We carry this baggage into our 20s. Because we still kinda look like teens, everyone likes to boss us around.
It’s easy to dismiss young people.
So, no. Looking young isn’t always that great. In America, youth can especially suck. When someone says, “You look so young!” that carries connotations. They’re saying you also look a little immature, inexperienced, irresponsible, naive, and weak. They’re unconsciously setting the parameters of how they’re going to treat you — with less respect.
The compliment is supposed to smooth over all that, somehow. We overlook the shallowness of this exchange.
Ageism works both ways, of course. In America, you can’t look too young. Or too old. Either end opens you up to a litany of stereotypes and backhanded compliments. The real sweet spot is your 40s, I guess. Or maybe I’m wrong. I’ll update this post when I get there.
Be mindful about your compliments
Think before you compliment. Context matters. Make sure you understand why you’re praising someone. Even the best of us still judge people based on their appearance. On top of that, we treat them according to the stereotypes that tag along.

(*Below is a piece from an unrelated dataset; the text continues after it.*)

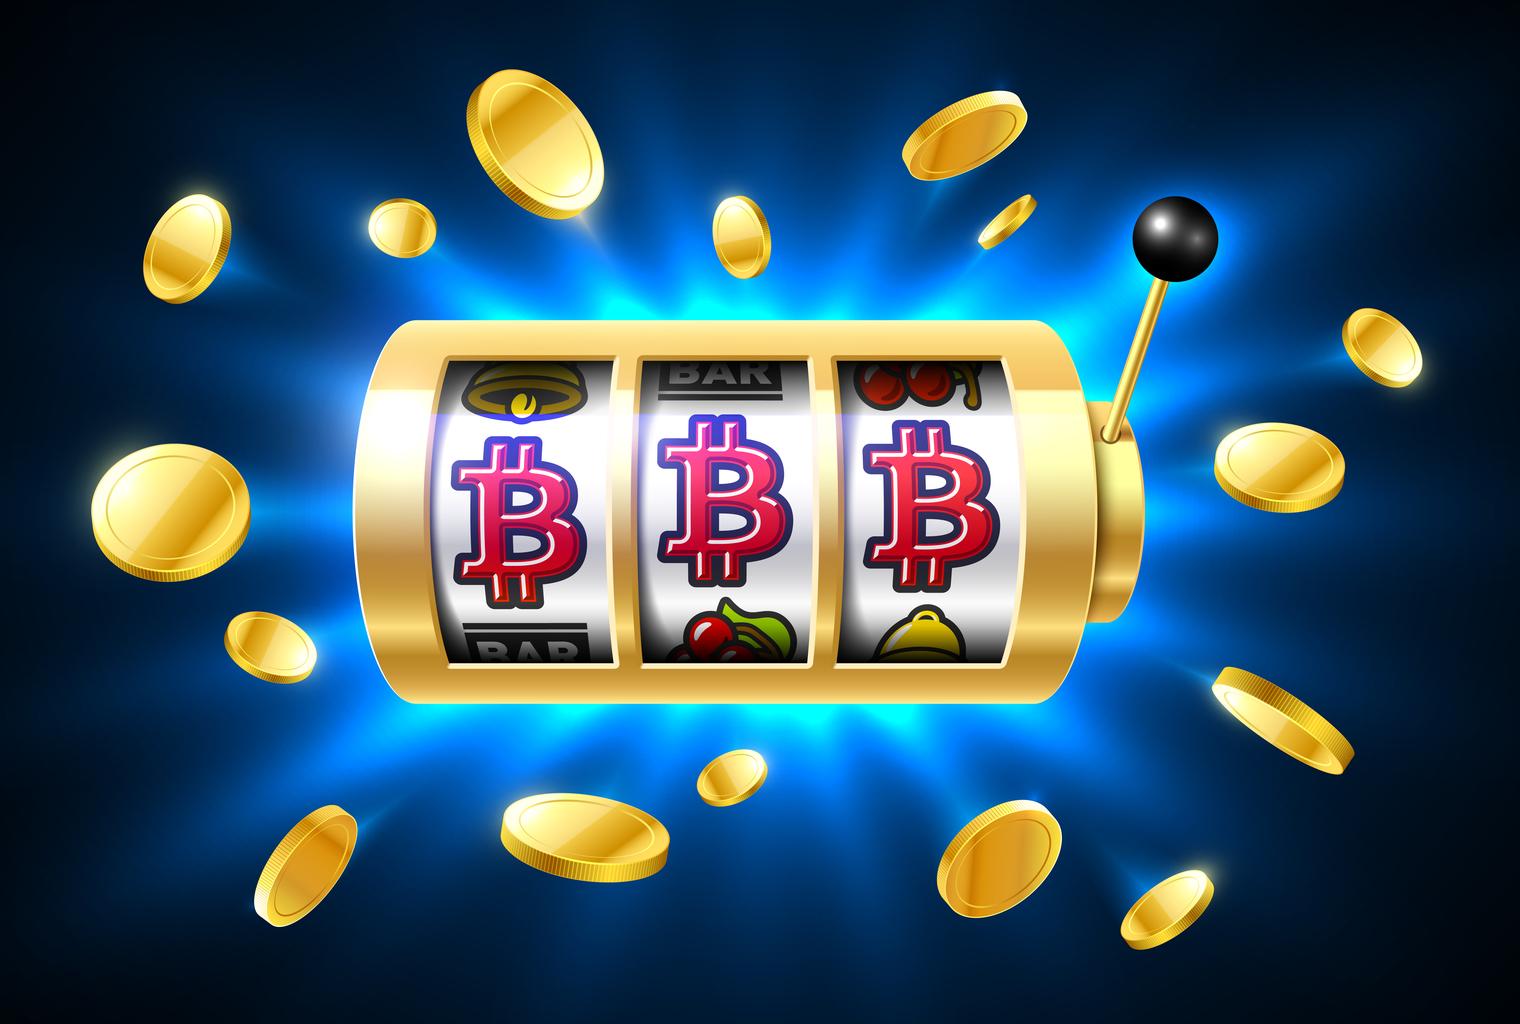 Bitcoin casino bitcoin slot games tips

Think about what you’re pointing attention to. Compliments on someone’s speech or physical appearance don’t always play well. Especially if you don’t know the person outside of work.
Research has shown that performance-based compliments have the best effect. In other words, you praise the job someone’s doing. There’s not many ways you can misinterpret “good job on that report.”
You might think you’re being nice when you compliment someone on their appearance. But if you don’t know them that well, you might be triggering insecurities. Or you might be calling attention to something they’re trying to downplay — like how young they look.
On the receiving end, there’s nothing wrong with ignoring or questioning someone’s compliment. Maybe you can’t call out your boss in the middle of a meeting. But you can raise your guard.
You can be honest with yourself about how someone’s compliment made you feel, and go from there.
It’s not always your fault if you don’t like a compliment. Some are designed as insults, and others carry veiled prejudice.
These days, I still catch myself making assumptions about people based on their dress or hair style. You never really stop. Not completely. You just do less of it, and learn to check yourself. But hey, maybe I’m a snowflake. Don’t listen to me. After all, I don’t even look like a professor.